__TASK OBJECTIVE__.
Line by line, return the listing exactly, without any of the images.

__RAW DATA__.

....

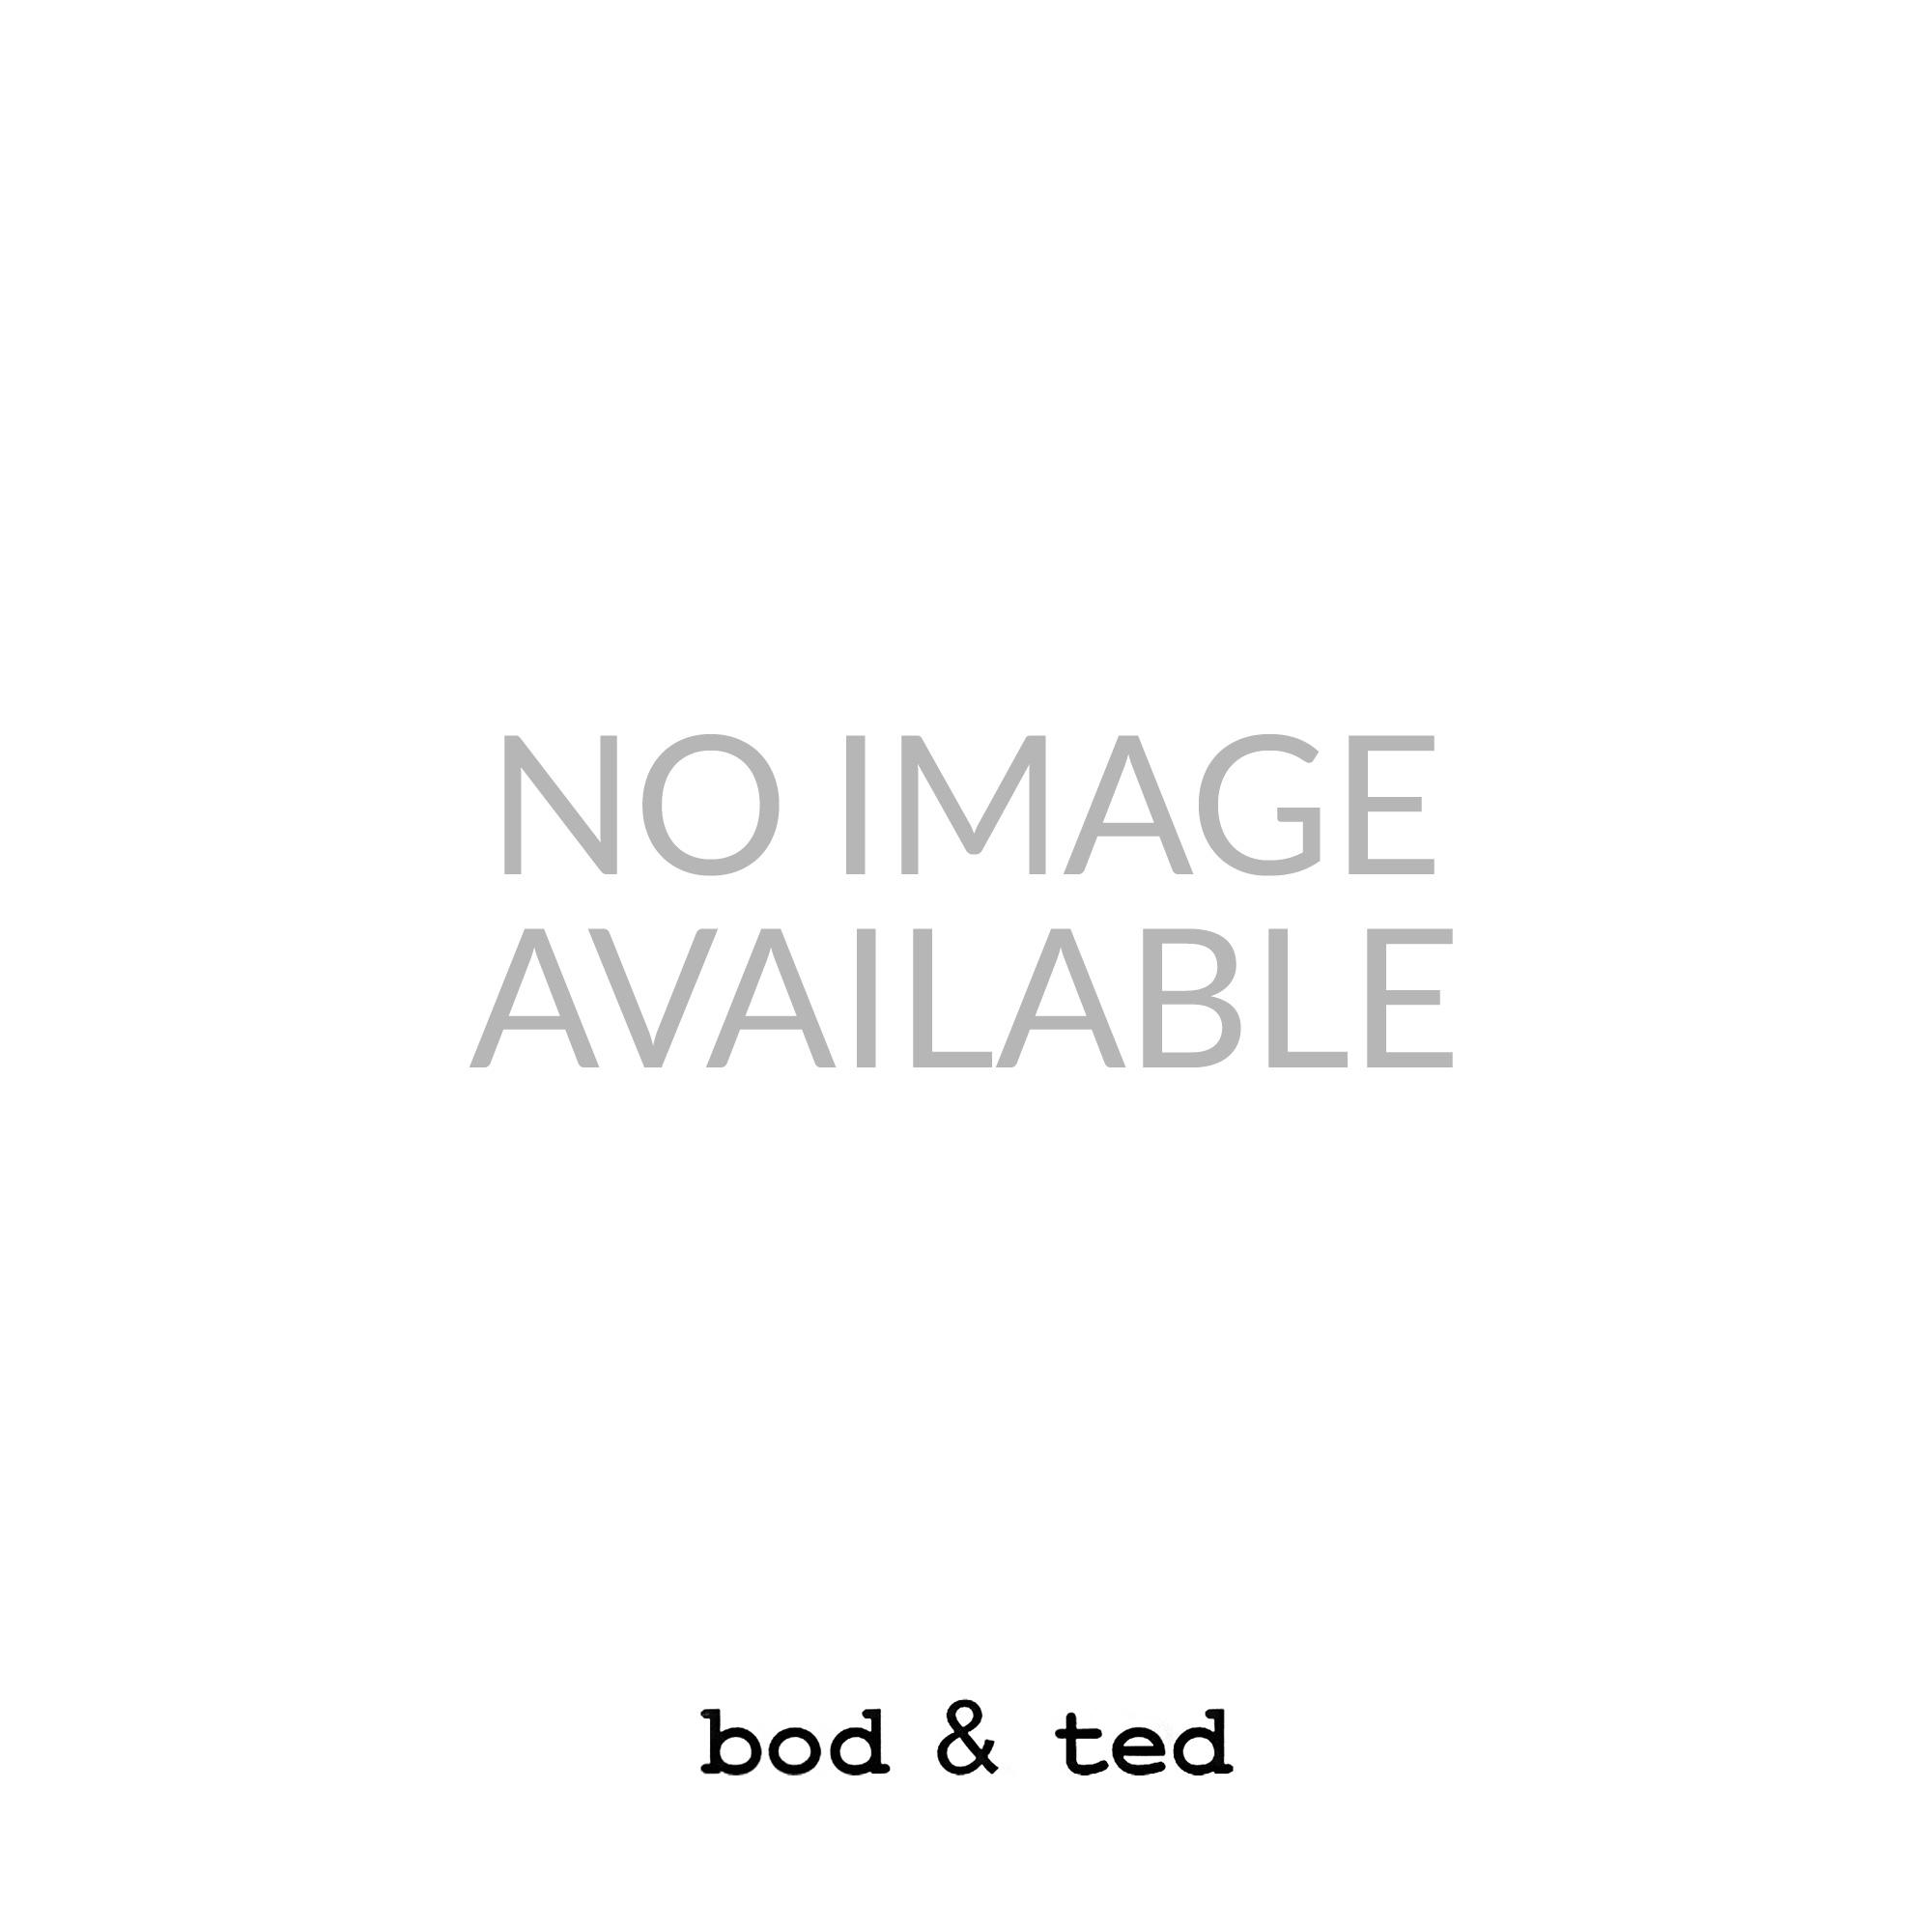 dd316eee44a2 Women's Designer Jeans | Paige Denim & Iden Denim | bod & ted
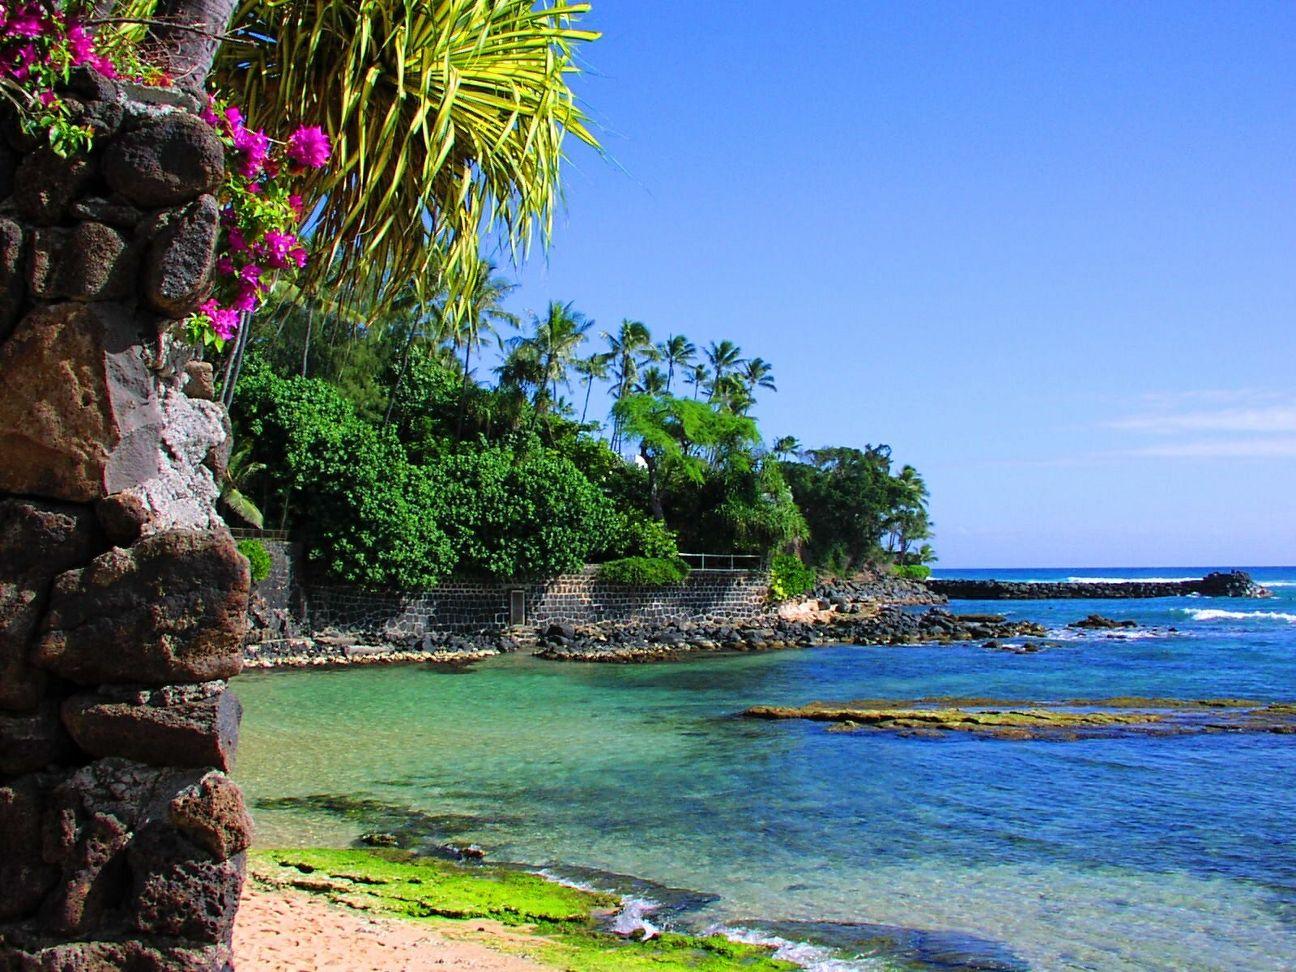 Hawaii #6
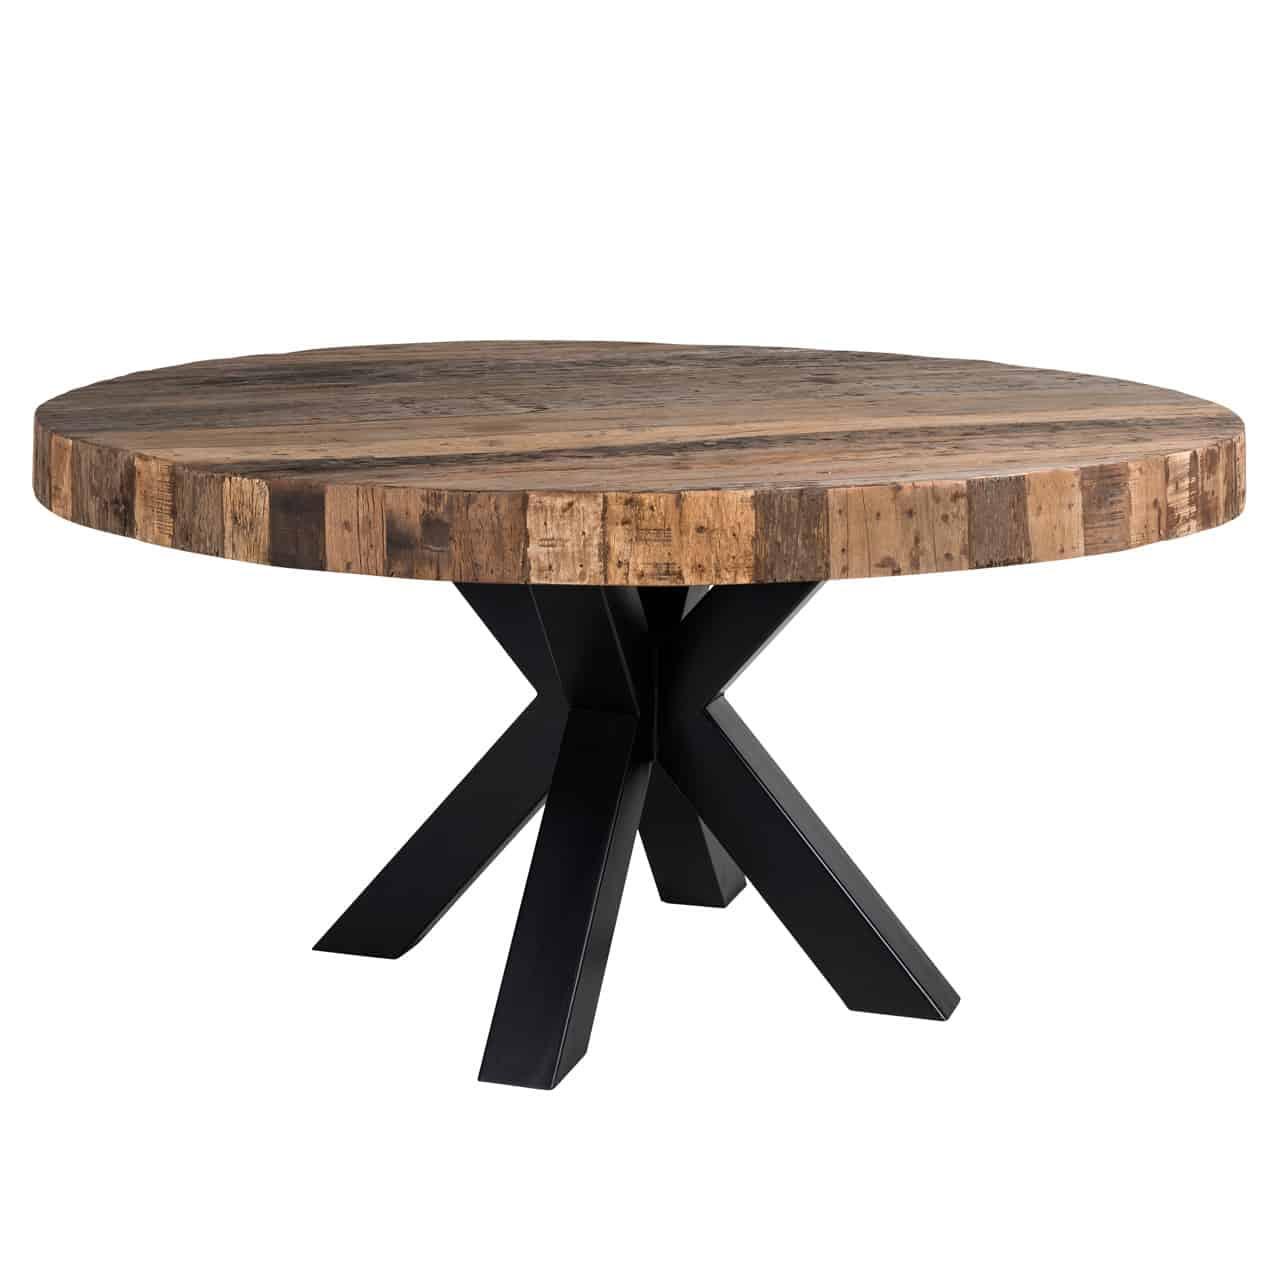 Table Ronde Industrielle Pied Acier Noir Plateau Epais Bois Brut
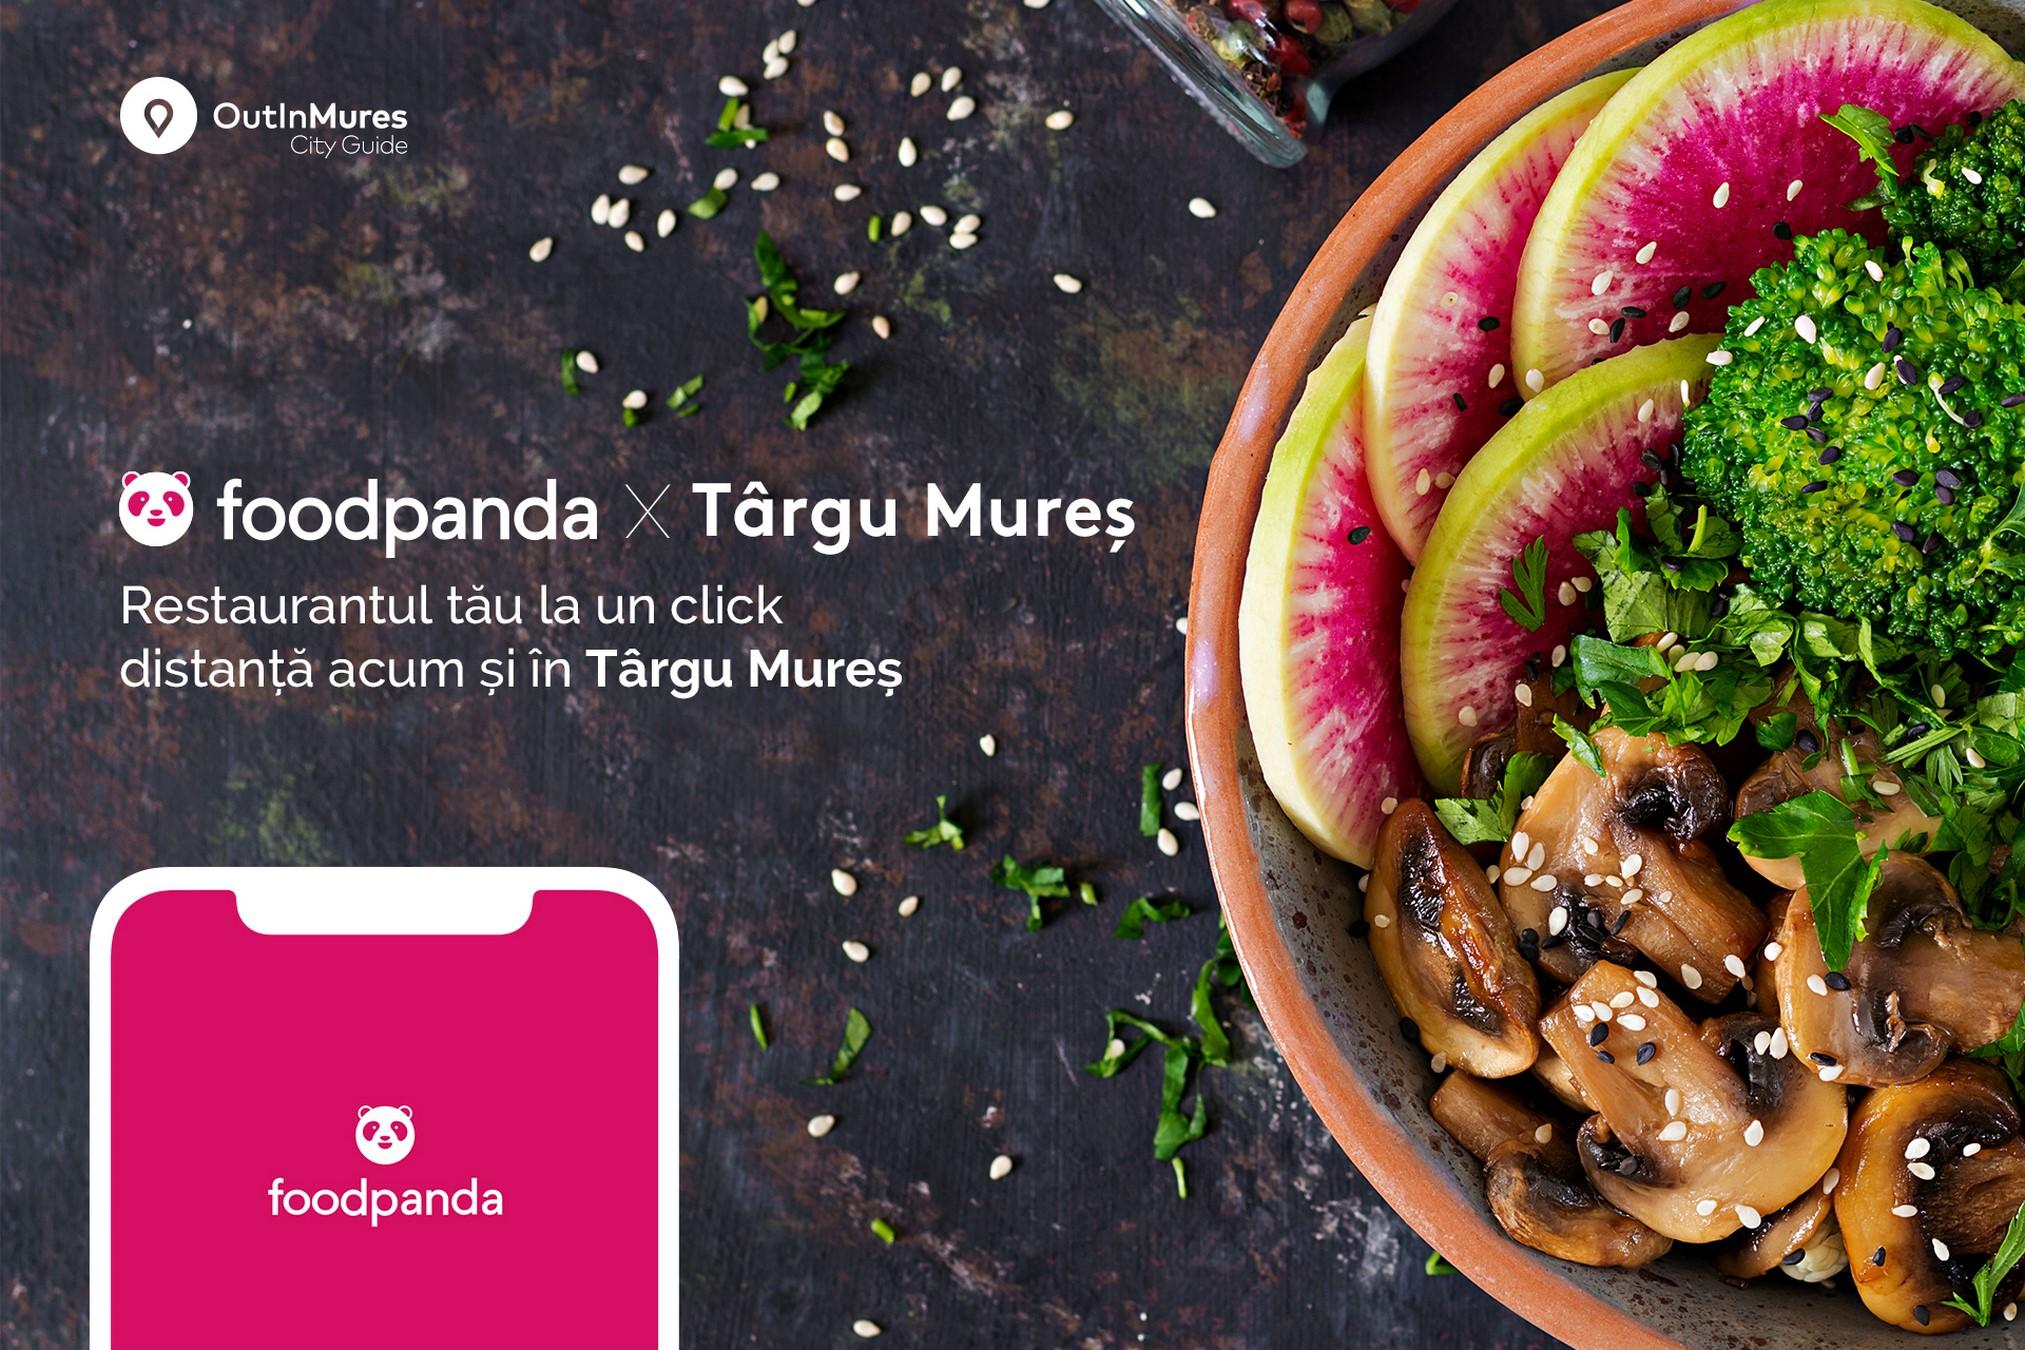 foodpanda_targu_mures_outinmures

....

__COMPLETED EXERCISE__.
 dd316eee44a2 Women's Designer Jeans | Paige Denim & Iden Denim | bod & ted
 Hawaii #6
 Table Ronde Industrielle Pied Acier Noir Plateau Epais Bois Brut
 foodpanda_targu_mures_outinmures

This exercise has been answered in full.